This question is part of my attempt to use an answer to another question I've posted on this site.
If I have two materials with complex indices of refraction, $\widetilde{n}_0$ and $\widetilde{n}_1$, with $A_i$ representing the amplitude of a forward-propagating EM wave, and $B_i$ representing the amplitude of the backward-propagating EM wave, and assuming that the system is illuminated from only the left side (so $B_1 = 0$), I can write the amplitudes on the left side of the interface in terms of those on the right using the well-known Fresnel coefficients as
$$ A_0 = \left( \frac{\widetilde{n}_0 + \widetilde{n}_1}{2 \widetilde{n}_0} \right) A_1 $$ and $$ B_0 = \left( \frac{\widetilde{n}_0 - \widetilde{n}_1}{2 \widetilde{n}_0} \right) A_1, $$ for normally-incident, $s$-polarized light.

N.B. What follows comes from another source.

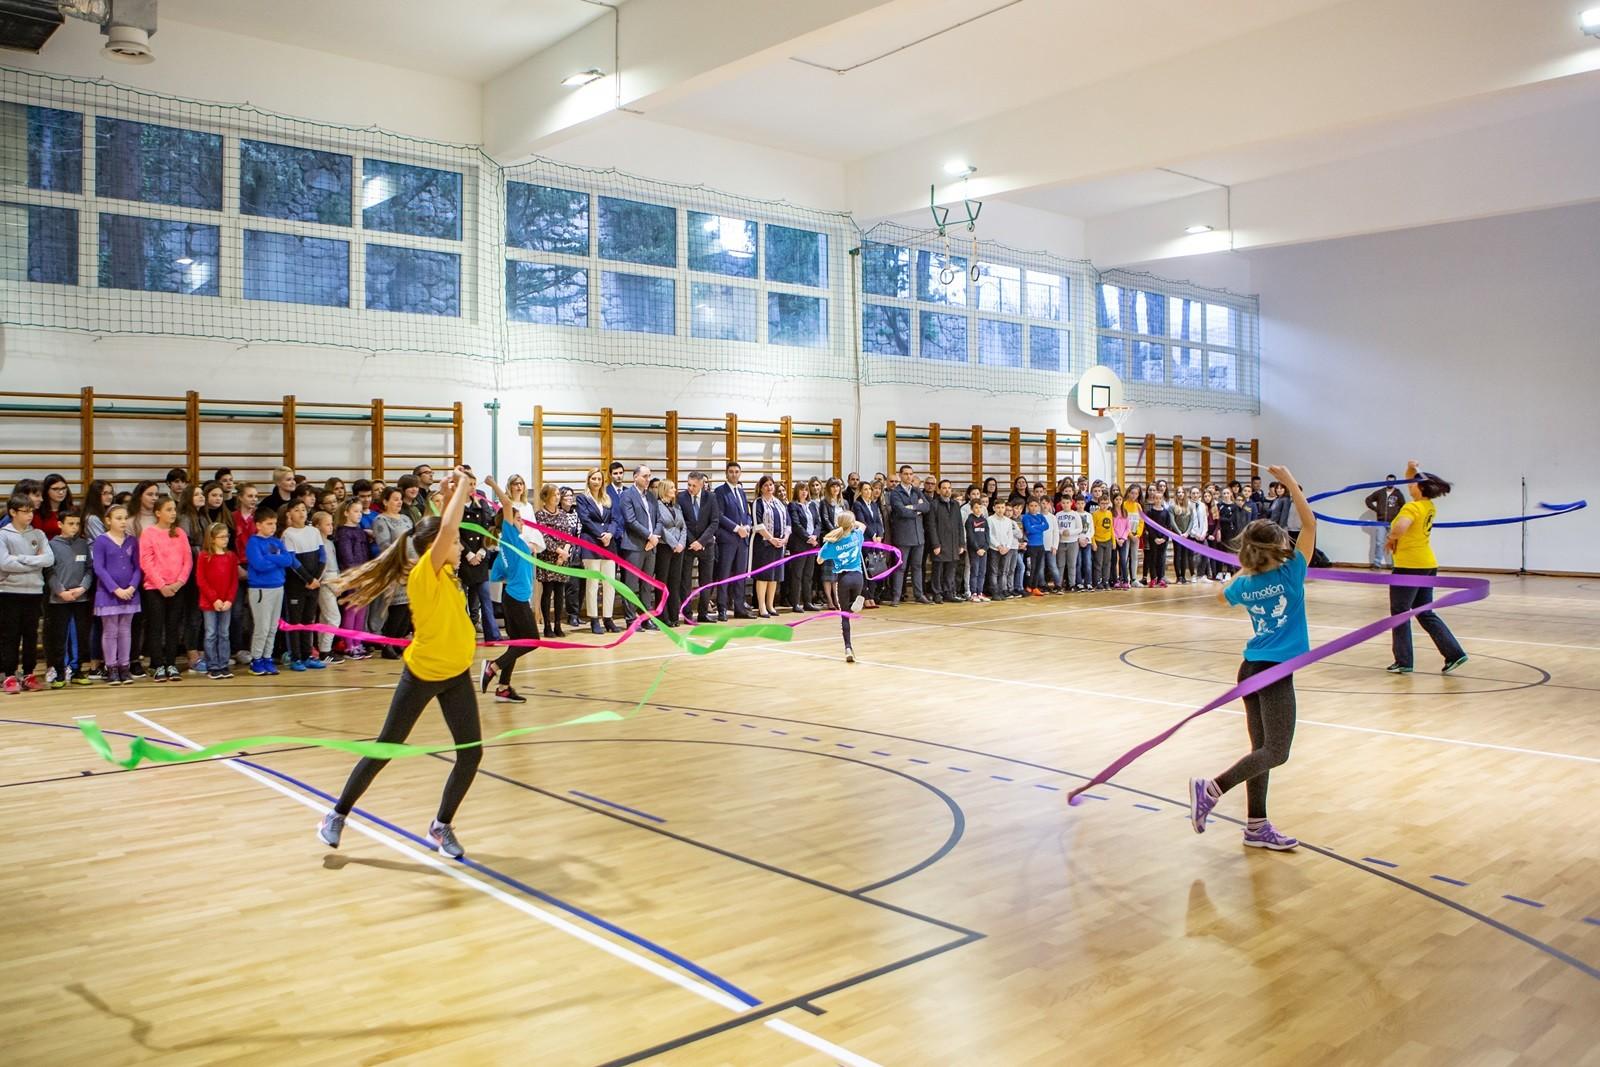 Nakon cjelovite obnove svečano otvorena sportska dvorana OŠ Lapad

If I compute the time-averaged Poynting flux, $S_i$, using $$ S_i = \frac{n_i}{2 Z} |E_i|^2, $$ where $n_i$ is the real part of the complex index of refraction and $Z$ is the impedance of free space, the total flux on the left side of the interface is $$ \begin{align} S_0 &= \frac{n_0}{2 Z}\left( |A_0|^2 - |B_0|^2 \right) \\ &= \frac{n_0}{2 Z}\left(\left| \frac{\widetilde{n}_0 + \widetilde{n}_1}{2 \widetilde{n}_0} \right|^2 - \left| \frac{\widetilde{n}_0 - \widetilde{n}_1}{2 \widetilde{n}_0} \right|^2 \right)|A_1|^2 \\ &= \frac{n_0}{2 Z} \left( \frac{\widetilde{n}_0 \widetilde{n}_1^* + \widetilde{n}_0^* \widetilde{n}_1}{2} \right) \left| \frac{A_1}{\widetilde{n}_0} \right|^2 \end{align} $$ which is not equal to the flux on the right-hand side, $$ S_1 = \frac{n_1}{2 Z} |A_1|^2, $$ unless $\widetilde{n}_0$ is real, so where did the energy go?
I've included the above calculation as an example, but my actual problem is that flux isn't being conserved numerically in my Python simulation that I'm developing.
At first I thought my expression for the Poynting flux was wrong, but after returning to the definition and recalculating using a complex index of refraction, I arrive at the same result.
I also thought that the energy might be getting transformed into the other polarization state, but that has the same problem.